Nashreen C M, Hamdan Mukhri, Hong Jesrine, Kamarudin Maherah, Saaid Rahmah, Tan Peng Chiong
Department of Obstetrics and Gynecology, Faculty of Medicine, Universiti Malaya, Kuala Lumpur, Malaysia.
Acta Obstet Gynecol Scand. 2024 Dec;103(12):2475-2484. doi: 10.1111/aogs.14975. Epub 2024 Oct 2.
Our objective was to compare the performance of the first vaginal examination at 8 vs 4 h after amniotomy following Foley ripening in nulliparous labor induction.

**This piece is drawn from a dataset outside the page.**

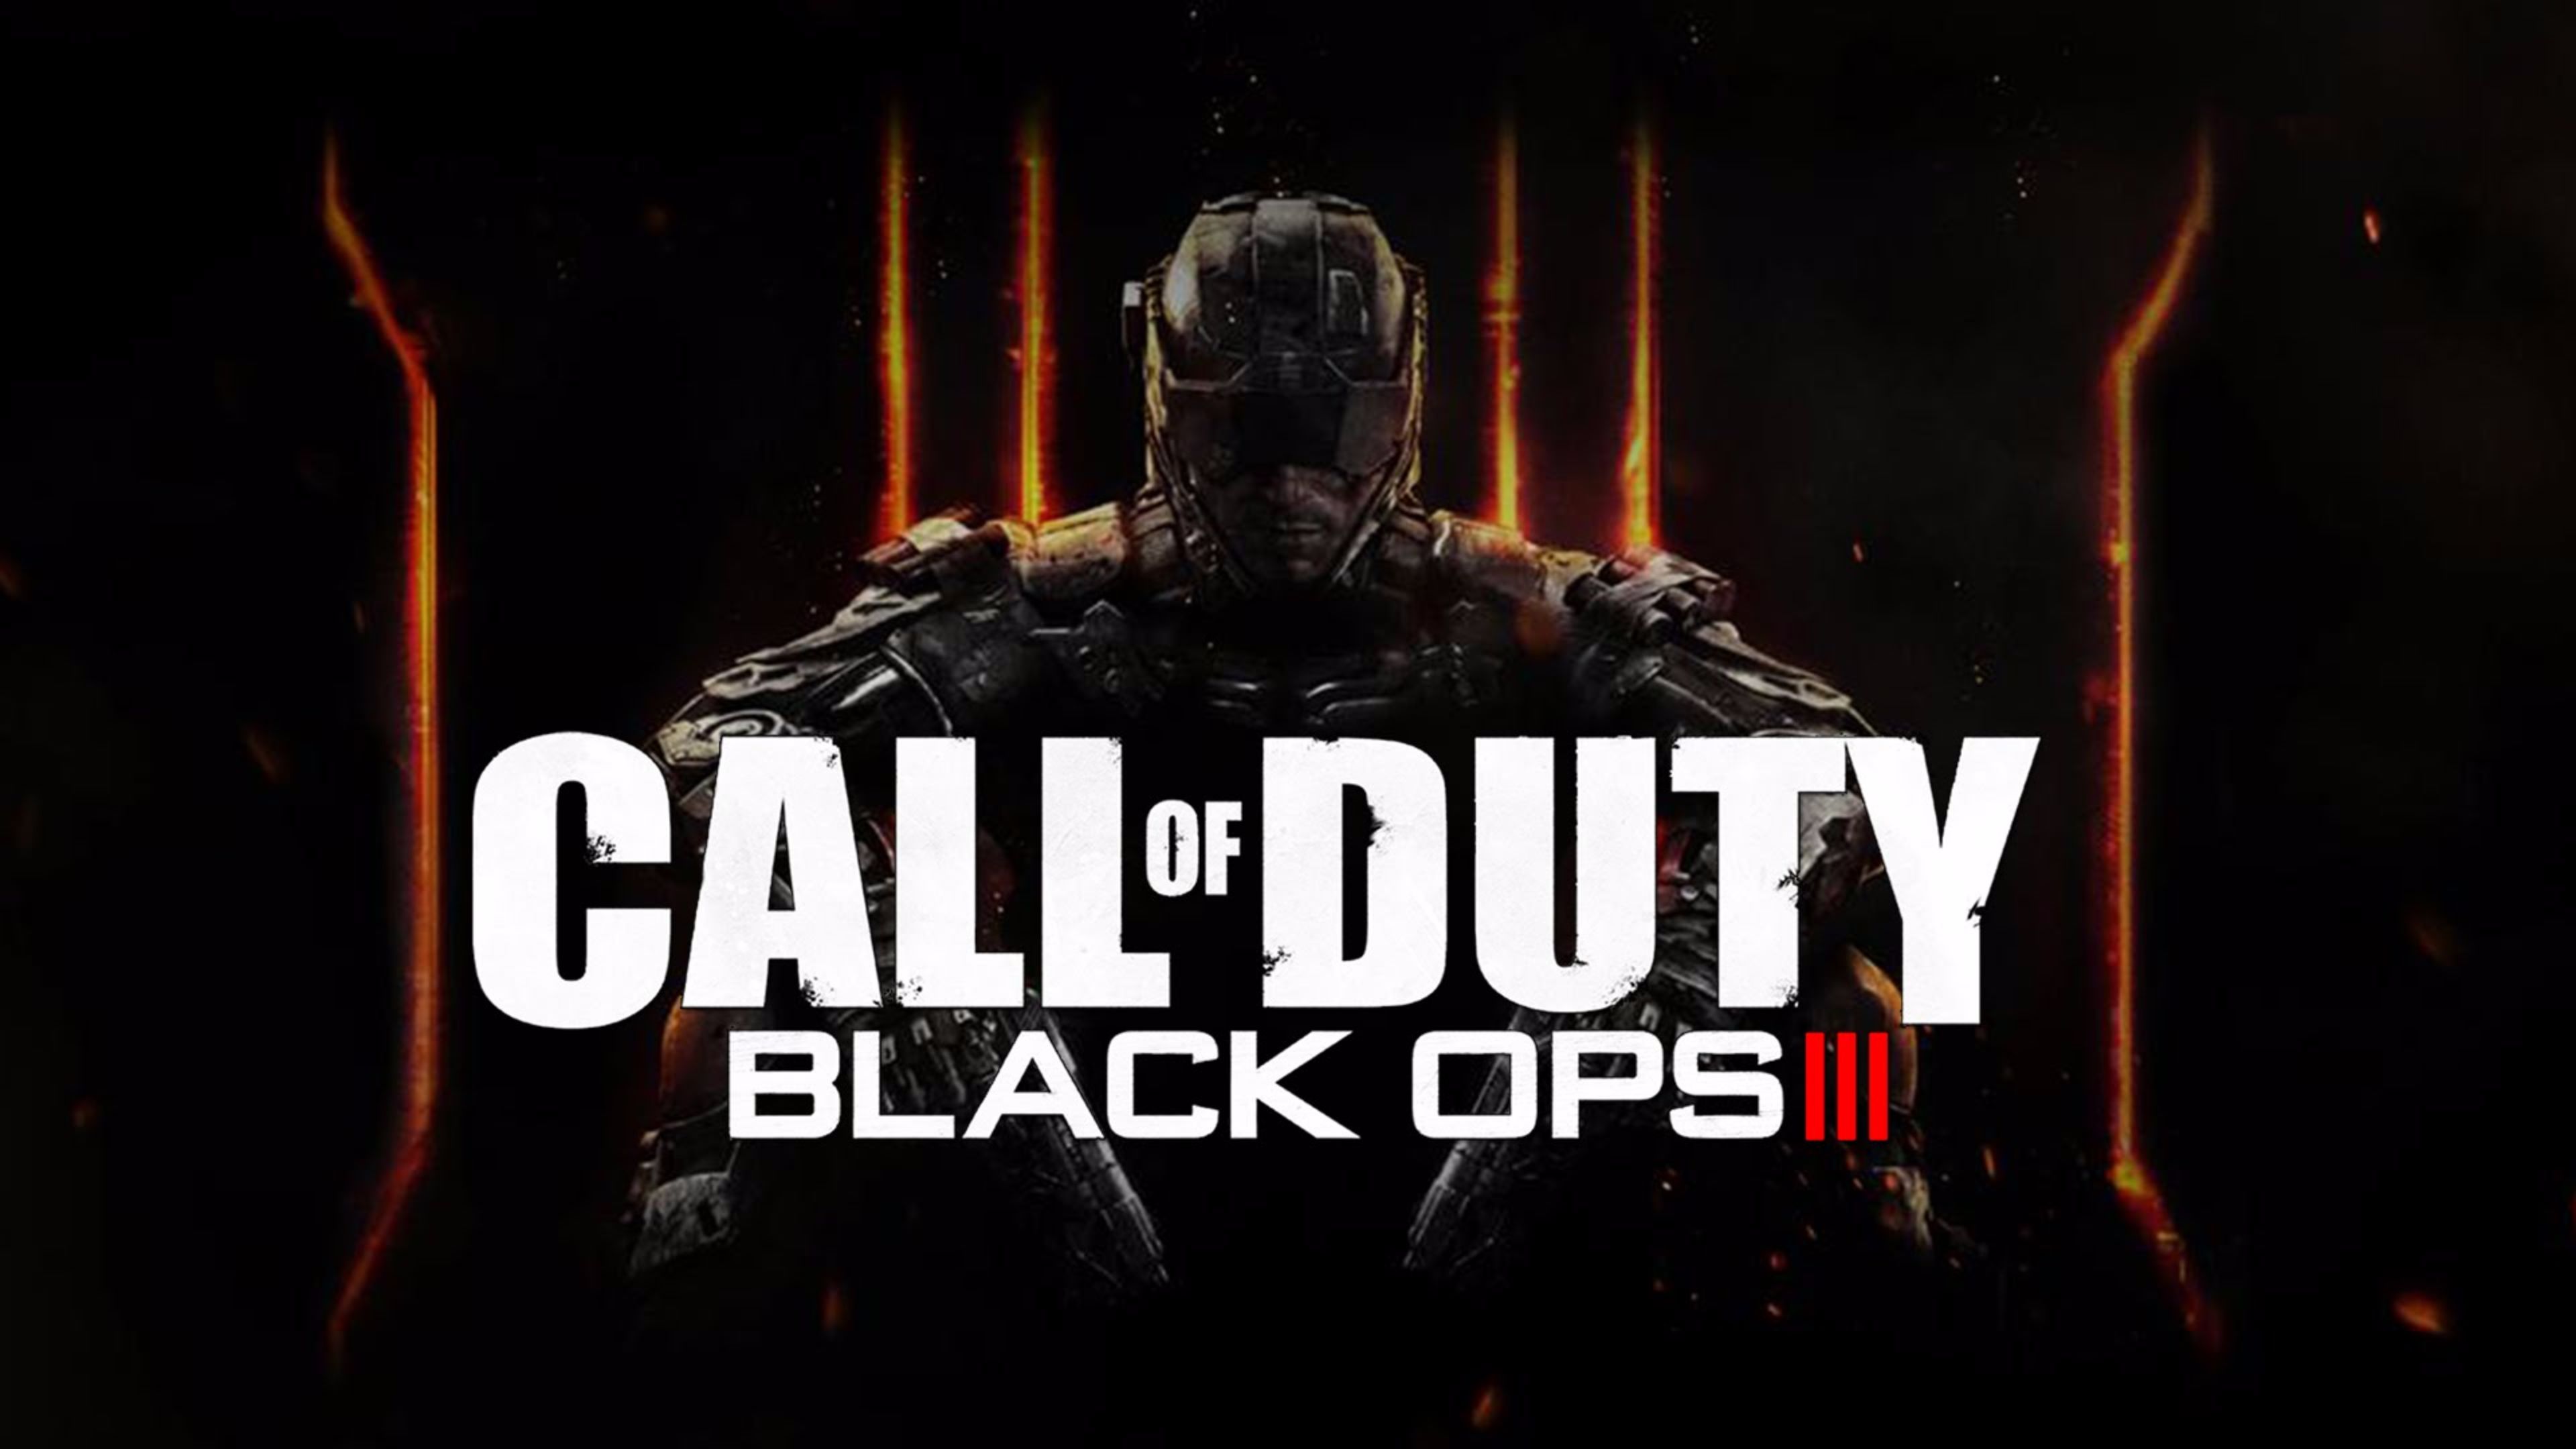 Inspired Call of Duty Black Ops 3 4K Wallpaper | Free 4K Wallpaper

A randomized controlled trial was conducted from June 2021 to January 2022. 210 nulliparas at term for labor induction were randomized: 105 each to first vaginal examination at 8 or 4 h after Foley balloon ripening and amniotomy. Titrated oxytocin infusion was routinely commenced after amniotomy to expedite labor. Primary outcomes were the amniotomy-to-delivery interval (non-inferiority hypothesis) and maternal satisfaction with their allocated labor care (superiority hypothesis) within 24 h after delivery. Analyses performed using t-test, Mann-Whitney U test, and Chi-squared test as appropriate.

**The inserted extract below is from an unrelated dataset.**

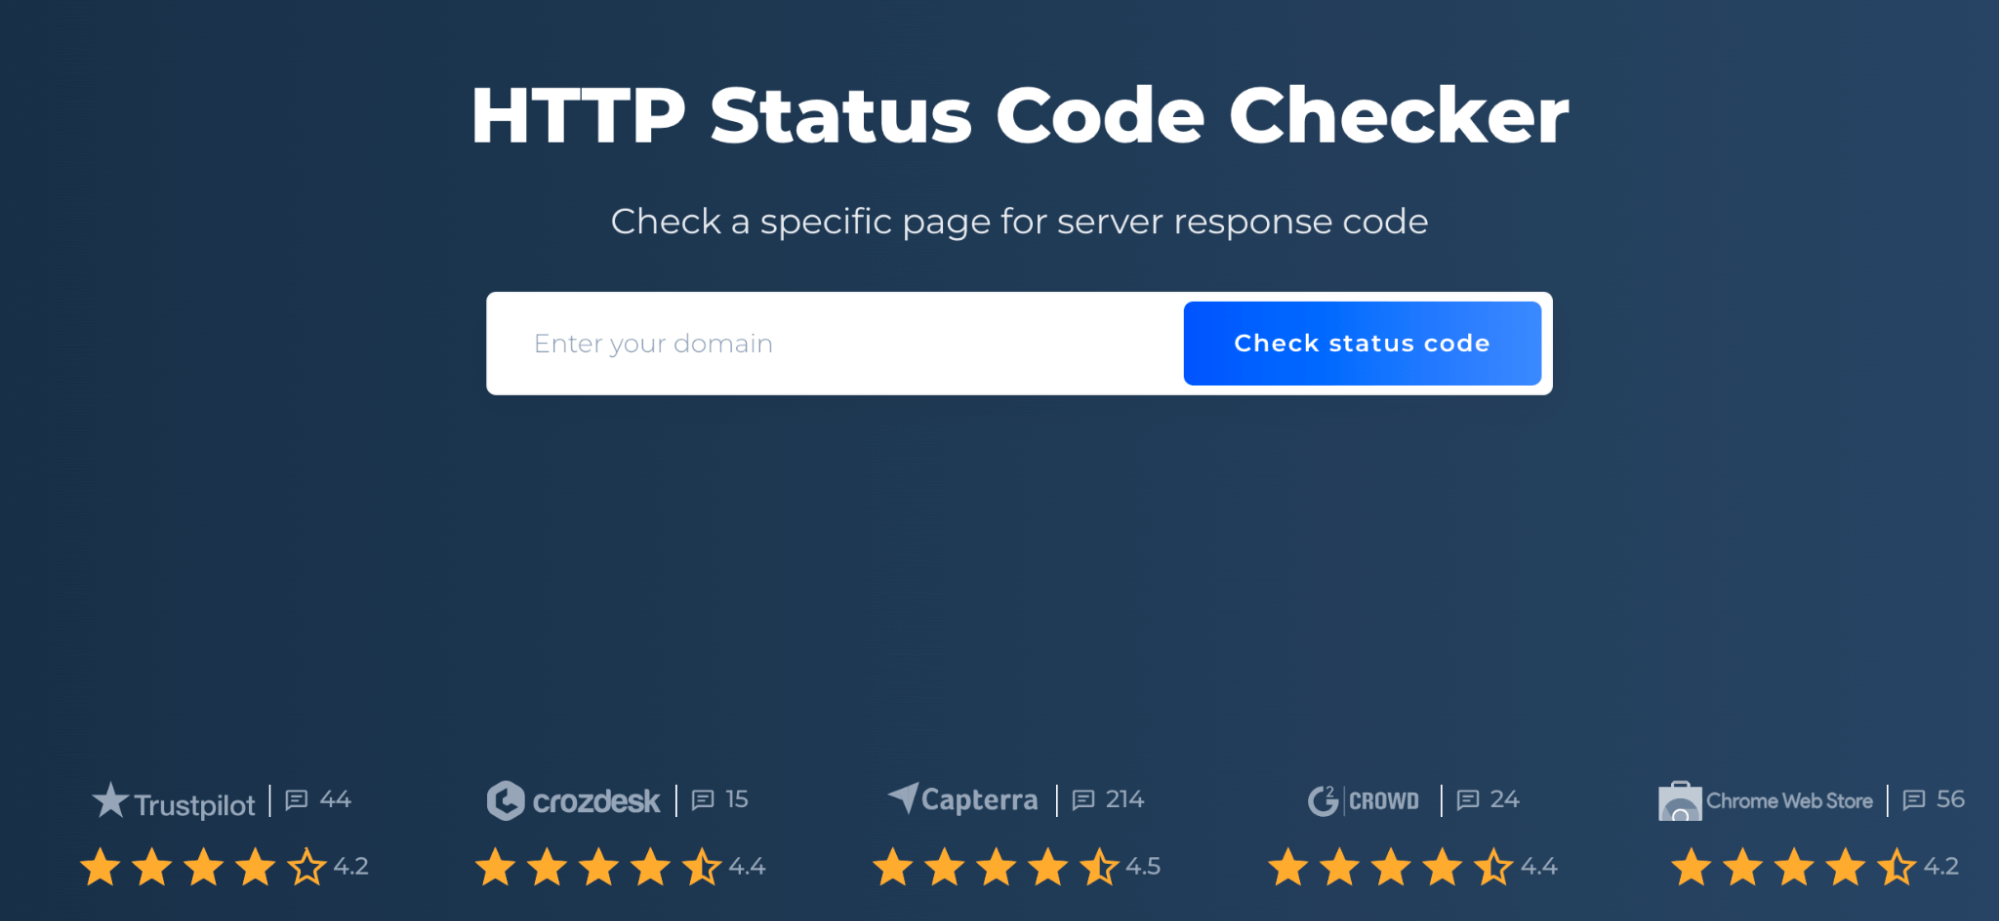 http-status-code-checker-tool-for-identifying-http-202-status-codes

The amniotomy-to-delivery interval was mean ± standard deviation 8.7 ± 3.4 vs 8.4 ± 3.7, mean difference 0.4 (97.5% CI: -0.7 to 1.5) hours, p = 0.442 within the pre-specified 2-hour non-inferiority margin, and maternal satisfaction score with allocated labor care was median [interquartile range] 8[7.5-10] vs 8[7.0-10], p = 0.248 for 8 vs 4 h arms, respectively. The amniotomy to first vaginal examination intervals was 5.9 ± 2.3 vs 3.6 ± 1.0 h, p < 0.001, and the number of vaginal examinations was 2[1-2.5] vs 3 [2, 3], p < 0.001 for 8 vs 4 h, respectively. The first vaginal examination was less likely to have been performed as scheduled, more likely to be indicated by the urge to bear down, and non-reassuring cardiotocography for the 8 h arm (p < 0.001). Spontaneous vaginal delivery was significantly more likely and instrumental vaginal delivery less likely, but cesarean rate was not significantly different for the 8 h arm (p = 0.017).
A routine first vaginal examination at 8 h compared to 4 h is non-inferior for the time to birth but does not increase maternal satisfaction although the number of vaginal examinations is fewer. The increase in spontaneous vaginal delivery and reduction in instrumental vaginal delivery rates warrant further powered primary evaluation.
我们的目的是比较初产妇引产在使用福莱氏球囊促宫颈成熟并破膜后8小时与4小时进行首次阴道检查的效果。
于2021年6月至2022年1月进行了一项随机对照试验。210名足月引产的初产妇被随机分组:每组105人,分别在福莱氏球囊促宫颈成熟并破膜后8小时或4小时进行首次阴道检查。破膜后常规开始滴注缩宫素以加速产程。主要结局指标为破膜至分娩间隔时间(非劣效性假设)以及产后24小时内产妇对其分配到的分娩护理的满意度(优效性假设)。根据情况使用t检验、曼-惠特尼U检验和卡方检验进行分析。
破膜至分娩间隔时间的均值±标准差分别为8.7±3.4小时和8.4±3.7小时,平均差值为0.4(97.5%可信区间:-0.7至1.5)小时,在预先设定的2小时非劣效性界限内,p = 0.442;8小时组和4小时组产妇对分配到的分娩护理的满意度评分中位数[四分位间距]分别为8[7.5 - 10]和8[7.0 - 10],p = 0.248。破膜至首次阴道检查的间隔时间分别为5.9±2.3小时和3.6±1.0小时,p < 0.001;8小时组和4小时组的阴道检查次数分别为2[1 - 2.5]次和3[2, 3]次,p < 0.001。8小时组首次阴道检查更不太可能按计划进行,更有可能因有向下用力的冲动以及胎心监护结果不令人放心而进行(p < 0.001)。8小时组自然阴道分娩的可能性显著更高,器械助产阴道分娩的可能性更低,但剖宫产率无显著差异(p = 0.017)。
与4小时相比,8小时进行常规首次阴道检查在分娩时间方面非劣效,但尽管阴道检查次数较少,却并未提高产妇满意度。自然阴道分娩率的增加和器械助产阴道分娩率的降低值得进行更有说服力的初步评估。